Лючия, угощавшая гостей лимонадом-аранчата, вдруг остановилась со стаканом ледяной воды в руке:
- "Мы"? Значит, и вы тоже идете с генералом?
- Да, девочка, они все отплывают завтра ночью, все наши друзья, отвечал за Александра профессор.
Со звоном упал стакан, во все стороны брызнули осколки. Лючия подскочила к Александру, вцепилась в его рукав:
- Уходите? Уплываете? Завтра? Будете там сражаться?!

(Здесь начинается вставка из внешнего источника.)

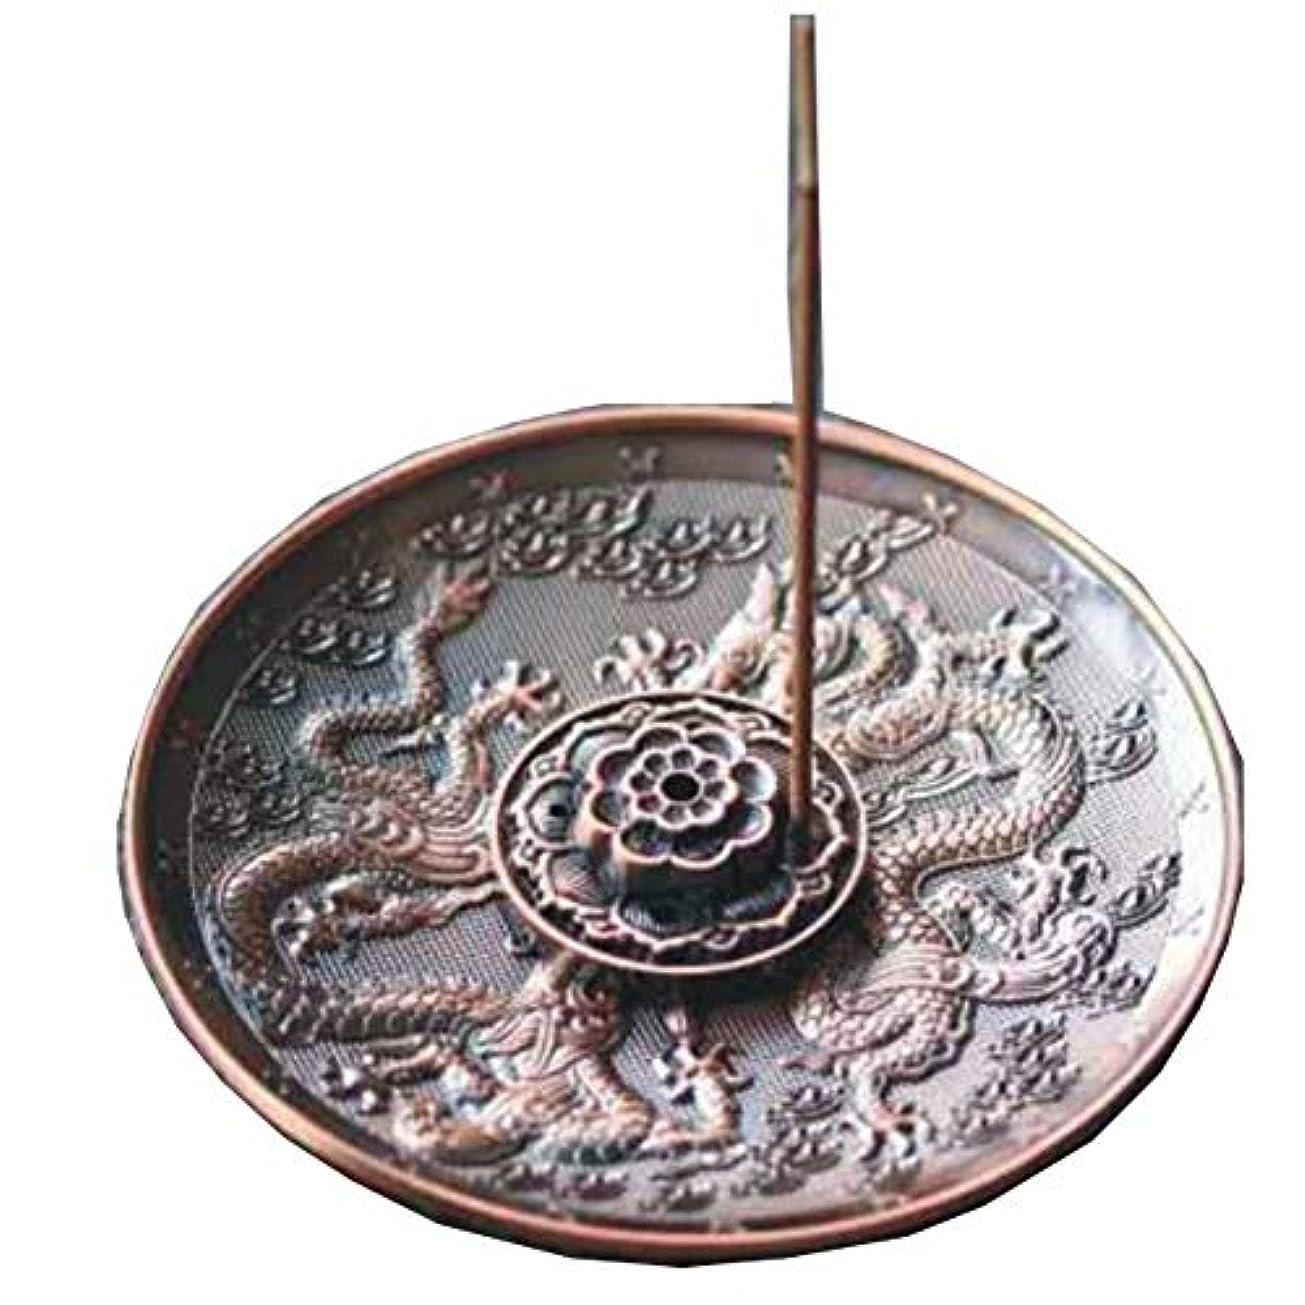 [RADISSY] お香立て 香炉 香皿 スティック 円錐 タイプ お香 スタンド 龍のデザイン (赤胴色9穴)

Она заглядывала ему в лицо, не обращая никакого внимания на остальных, будто в комнате были только она и Александр. Даже отцу, рассеянному и погруженному в свой мысли, внезапно открылся и стал понятен ее трепет. Что же сказать о Датто?
Лев Мечников взглянул в эту минуту на Датто. Один только Мечников увидел его зеленоватую бледность и левую руку, которая судорожно теребила на шее красный гарибальдийский галстук, будто его душило.
"Ох, боюсь, Александр нажил себе нынче преопасного врага", - с тревогой подумал Мечников.
25. В ГАВАНИ
Закат отпылал и погас. Только на западе, в темнеющих водах Лигурийского залива, продолжала розоветь и светиться та точка горизонта, куда ушло солнце. Уже зажигались звезды, крупные, как будто выпуклые, и быстро и неслышно подходила ночь. Но Генуя не спала. На улицах раздавались возбужденные голоса, скрипели колеса, копыта выбивали дробь, шаркали подошвы прохожих.
Из окон гостиницы видна была цепочка огней, опоясывающая залив, и вспыхивающий через правильные промежутки белый луч маяка на мысу Лантерна.
- Очень вам к лицу эта рубашка, тезка, - сказала Александра Николаевна.
Перед ней стоял Александр в форме гарибальдийского офицера. Пылающий цвет рубахи оттенял молодое лицо, делал его строже, определеннее. Строго смотрели глаза под темными бровями, суровым и замкнутым казался рот. "Возмужал-то как! И когда? И почему я не заметила!" - спрашивала себя "Ангел-Воитель".
Ей было как-то не по себе в присутствии Александра. Она как будто оказывалась в чем-то виноватой и тягостно ощущала эту вину. Александр был так отважен в деле Пелуццо, так беззаветно ей предан, а она порой совершенно забывала о его существовании. И потом, как отблагодарили Александра за его помощь? Пелуццо и Монти получили свободу, Василий Петрович Верещагин сделал в тюрьме отличный этюд семьи Монти и теперь писал большую картину, Эсперанс Шварц и она сама получили личную благодарность Гарибальди. А что получил Есипов? Красную рубашку и позволение сражаться за Сицилию? Но чем кончится для него эта кампания? Вернется ли этот мальчик?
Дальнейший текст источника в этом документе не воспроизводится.